(Dataset items)

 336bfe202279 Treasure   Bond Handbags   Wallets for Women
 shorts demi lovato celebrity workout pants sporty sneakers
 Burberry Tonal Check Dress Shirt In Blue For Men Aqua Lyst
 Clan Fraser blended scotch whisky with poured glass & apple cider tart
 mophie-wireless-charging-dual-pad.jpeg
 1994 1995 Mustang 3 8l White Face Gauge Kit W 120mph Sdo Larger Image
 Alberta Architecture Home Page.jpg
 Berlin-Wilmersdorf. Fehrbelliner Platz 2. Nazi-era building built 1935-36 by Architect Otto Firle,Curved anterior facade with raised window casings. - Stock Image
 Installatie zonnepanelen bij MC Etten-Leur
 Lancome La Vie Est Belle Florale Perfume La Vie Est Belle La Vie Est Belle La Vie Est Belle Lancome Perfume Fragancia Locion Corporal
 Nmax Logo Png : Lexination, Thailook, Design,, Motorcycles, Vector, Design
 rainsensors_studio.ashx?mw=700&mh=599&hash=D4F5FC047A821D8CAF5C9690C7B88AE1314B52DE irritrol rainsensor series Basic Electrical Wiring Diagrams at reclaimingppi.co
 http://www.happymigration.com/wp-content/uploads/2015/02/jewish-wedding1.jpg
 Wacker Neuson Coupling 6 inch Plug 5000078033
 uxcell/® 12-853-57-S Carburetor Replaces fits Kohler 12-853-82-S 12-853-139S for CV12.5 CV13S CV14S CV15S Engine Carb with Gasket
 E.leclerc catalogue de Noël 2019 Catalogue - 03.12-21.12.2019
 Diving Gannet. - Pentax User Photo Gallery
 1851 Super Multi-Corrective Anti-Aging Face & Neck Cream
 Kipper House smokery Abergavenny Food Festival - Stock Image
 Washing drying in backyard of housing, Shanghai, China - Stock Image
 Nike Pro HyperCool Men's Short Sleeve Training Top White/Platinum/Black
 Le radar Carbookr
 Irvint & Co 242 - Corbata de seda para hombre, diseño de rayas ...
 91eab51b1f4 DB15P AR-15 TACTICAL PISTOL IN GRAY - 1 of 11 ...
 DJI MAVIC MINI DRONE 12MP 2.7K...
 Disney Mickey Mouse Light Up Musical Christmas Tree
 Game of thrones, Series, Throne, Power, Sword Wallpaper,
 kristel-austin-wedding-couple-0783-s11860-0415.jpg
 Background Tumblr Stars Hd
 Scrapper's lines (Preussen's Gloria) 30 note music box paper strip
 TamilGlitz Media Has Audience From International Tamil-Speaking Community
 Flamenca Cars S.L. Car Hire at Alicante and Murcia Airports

> **Work instruction**: Output the lines above between the one holding "shorts demi lovato" and the one holding "mophie-wireless-charging-dual-pad.jpeg", inclusive, with nothing before or after them.

> **Output for this task**:
 shorts demi lovato celebrity workout pants sporty sneakers
 Burberry Tonal Check Dress Shirt In Blue For Men Aqua Lyst
 Clan Fraser blended scotch whisky with poured glass & apple cider tart
 mophie-wireless-charging-dual-pad.jpeg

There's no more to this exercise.